Last week The Wall Street Journal reported that the White House chief of staff’s phone was apparently “hacked” and some of her contacts received calls that could have used AI to imitate her voice.
Leaving aside the natural distrust you may feel for politicians and celebrities when they claim “their phones are hacked,” there is no question that faking voice and video is now almost trivial. I have had several phone conversations with AI sales bots that were almost indistinguishable from humans.
Here is a video+voice generated from a text prompt to Google Veo3.
Just for fun, here is another.
There have been other more sensational stories of deep fakes. The most cited is from this February. “Finance worker pays out $25 million after video call with deepfake ‘chief financial officer”. I am not sure I believe that one but you can imagine it working since there are plenty of scams that people fall for with just email.
The threat is giving rise to many approaches to counter deep fakes. A quick search of dashboard.it-harvest.com reveals 28 products from 21 vendors.
Here is a link to a Google Sheet listing them.

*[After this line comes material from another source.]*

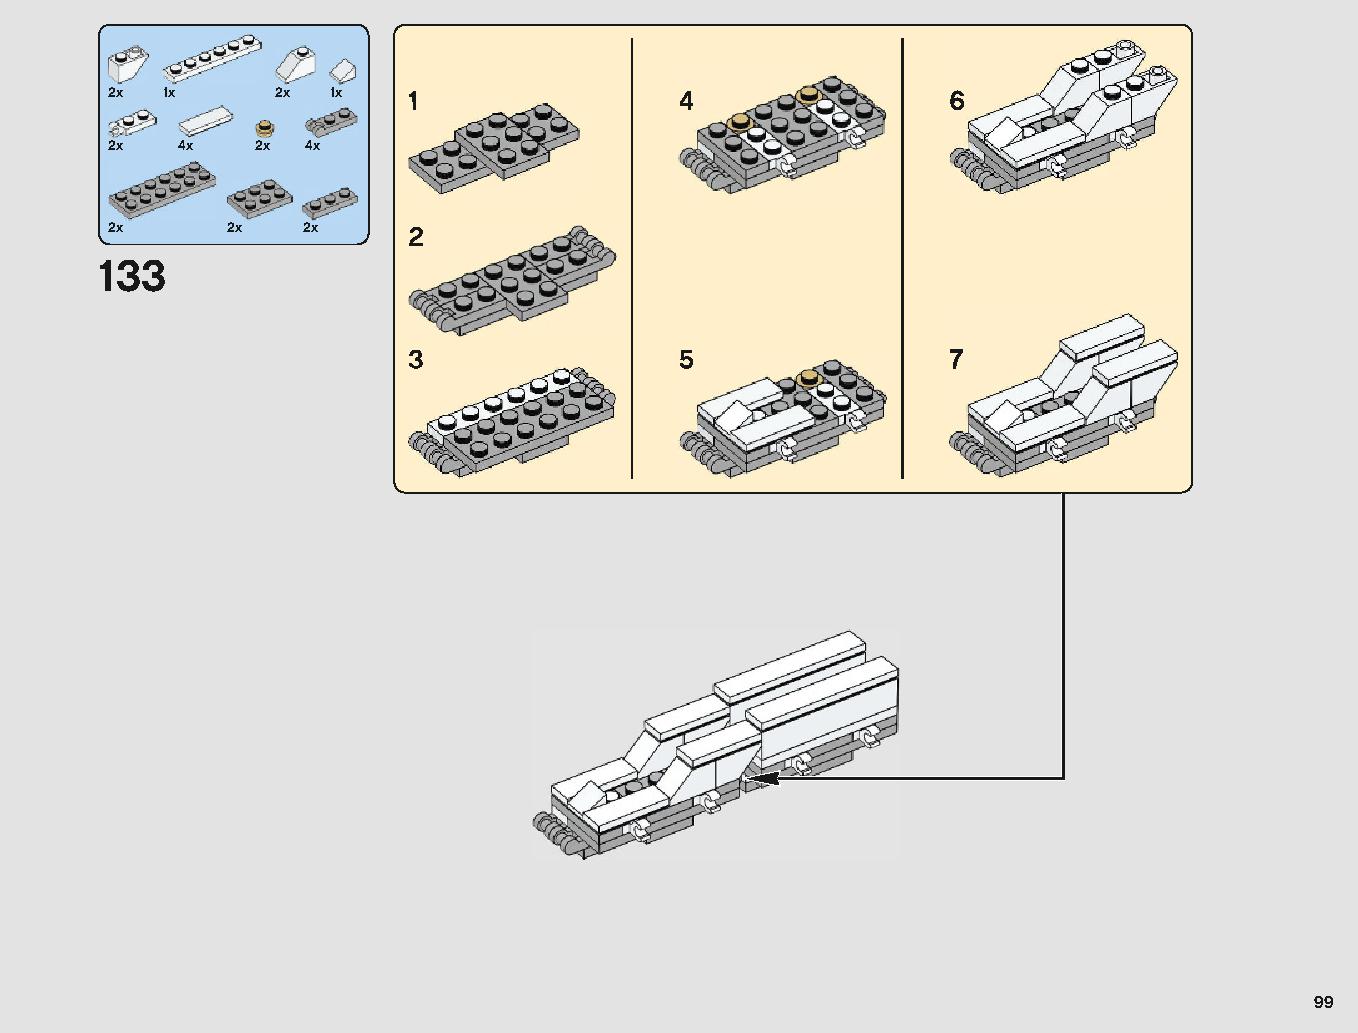 ミレニアム・ファルコン 75212 レゴの商品情報 レゴの説明書・組立方法 99 page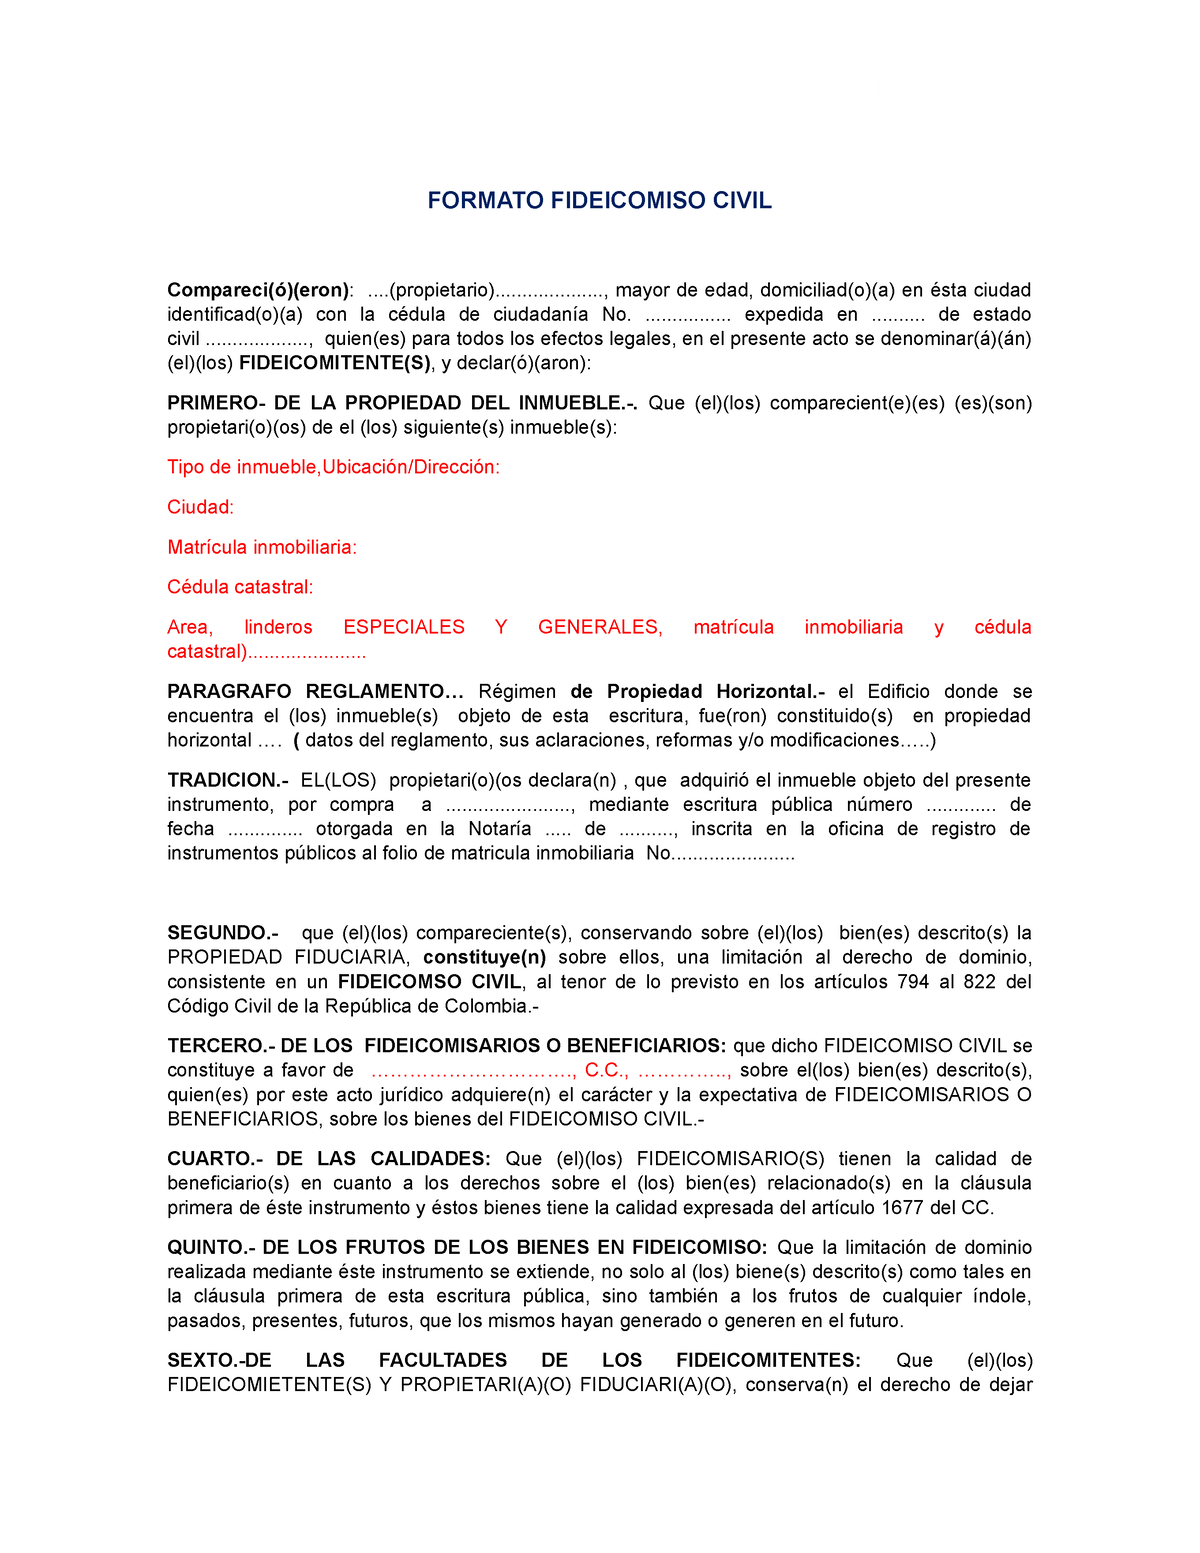 13 - formato de fideicomiso - FORMATO FIDEICOMISO CIVIL Compareci(ó)(eron)  : - Studocu

Of the pure-play deef fake defense companies Reality Defender is leading with significant headcount growth and funding. Note they are a Cyber 150 company.
Another pure-play is Cyabra, about the same size as Reality Defender but one fourth the funding level to-date.
Outside of pure-play deep fake detection are identity verification providers that were already working on the problem of fake identities for fraud prevention. They are well positioned in this space. Pindrop, Yotim and Incode are all great examples of this. They are all much bigger than the startups.
There is no question that deep fakes are a real and present danger and this market will grow dramatically. The identity verfication vendors may have to acquire the pure-plays. The large platform vendors (looking at you Twitter, Facebook, etc.) will have to deploy technology to identify deep fakes and they may acquire one of these vendors too.
The intersection of a deep fake with the "remote IT worker" scams could be a serious threat. Today, foreign actors create fake resumes at job sites and have begun to pay parties to do zoom interviews. The parties follow a script or are instructed how to respond in real time. Is it a stretch to imagine an AI agent in this role?